**RAW DATA**.
——————

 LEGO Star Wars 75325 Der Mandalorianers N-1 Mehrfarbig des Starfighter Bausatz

——————

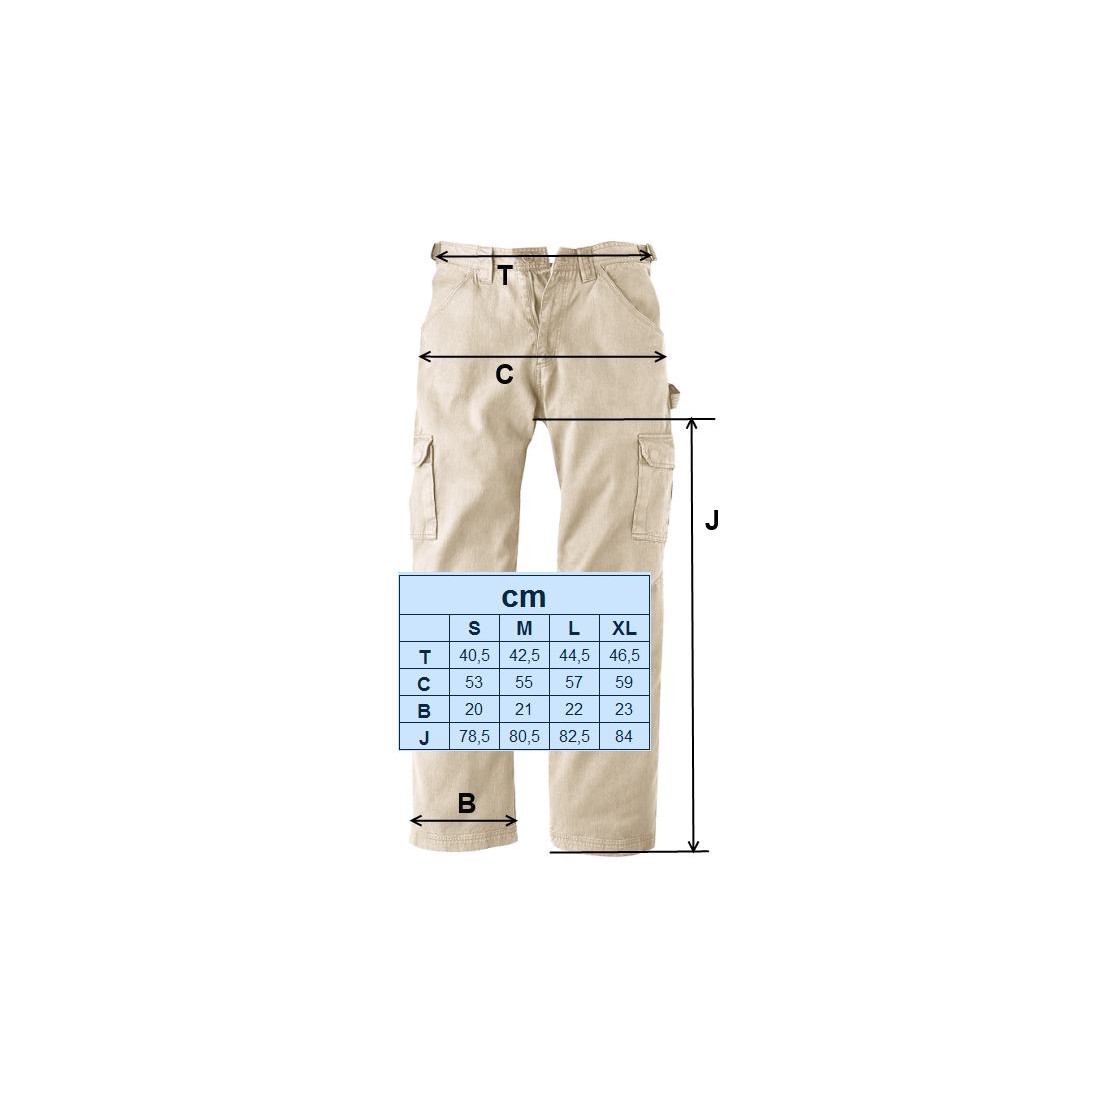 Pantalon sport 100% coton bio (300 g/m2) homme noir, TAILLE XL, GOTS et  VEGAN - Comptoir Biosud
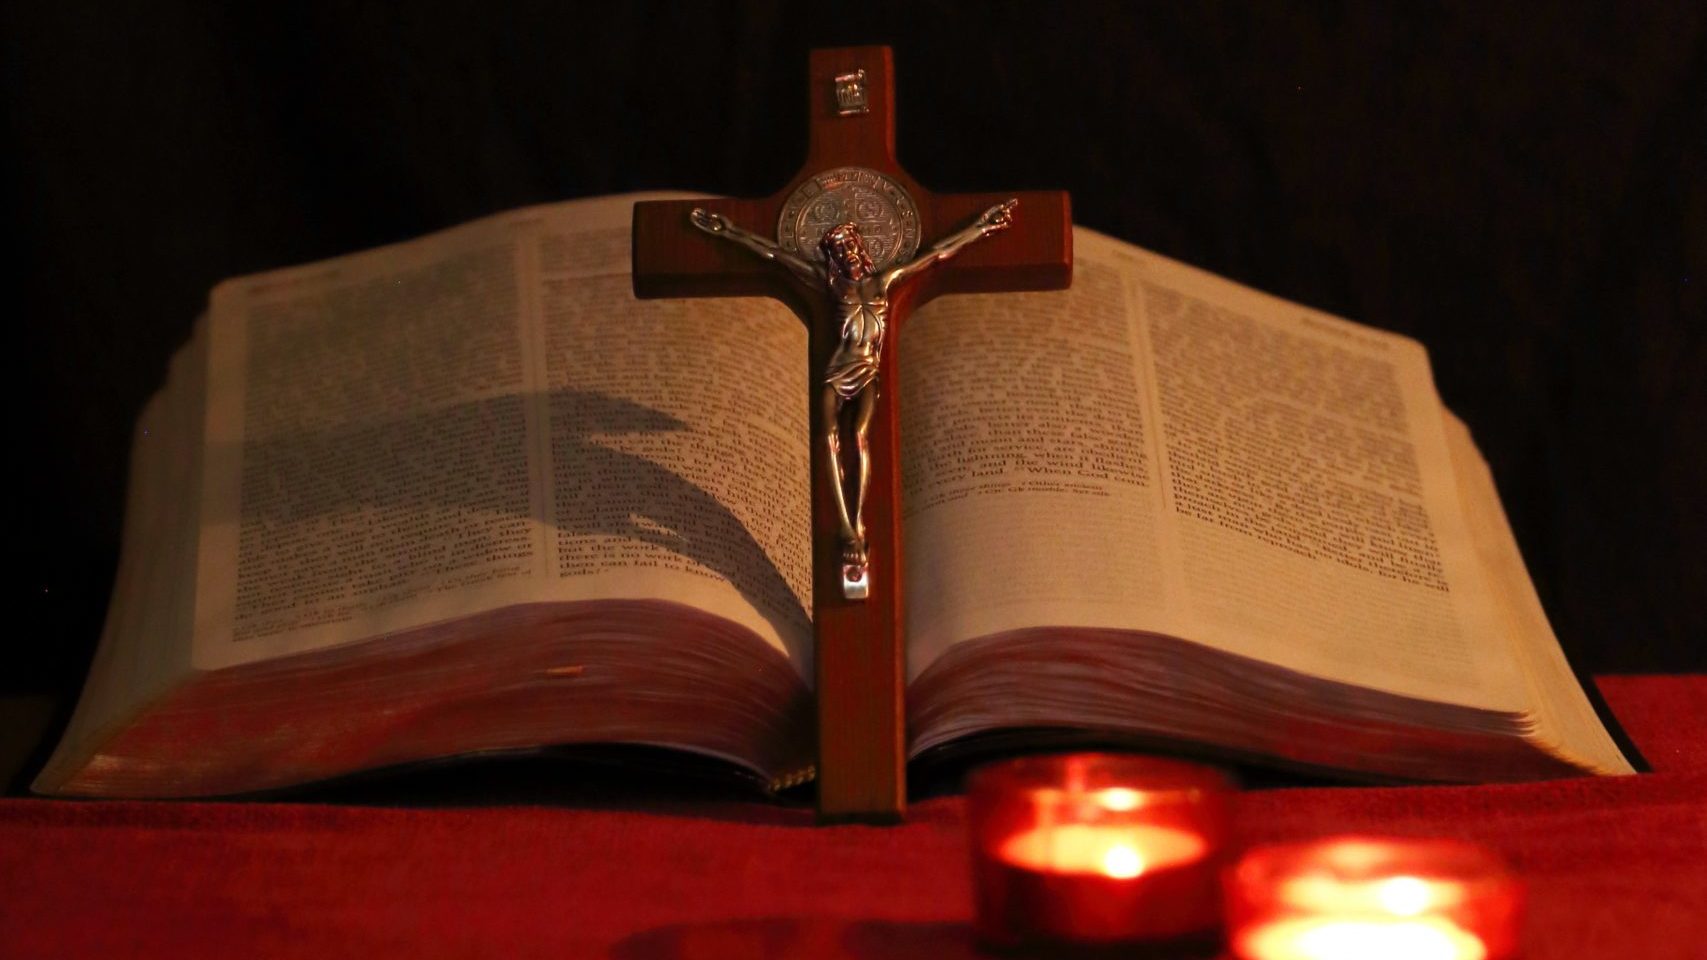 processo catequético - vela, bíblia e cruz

——————

**WHAT IS REQUIRED**. In the entries above, find the line with "Pantalon sport 100%" and the line with "processo catequético - vela, bíblia e cruz". Return exactly those lines and all the ones between them, pictures excluded.

**COMPLETED TASK**.
 Pantalon sport 100% coton bio (300 g/m2) homme noir, TAILLE XL, GOTS et  VEGAN - Comptoir Biosud
 processo catequético - vela, bíblia e cruz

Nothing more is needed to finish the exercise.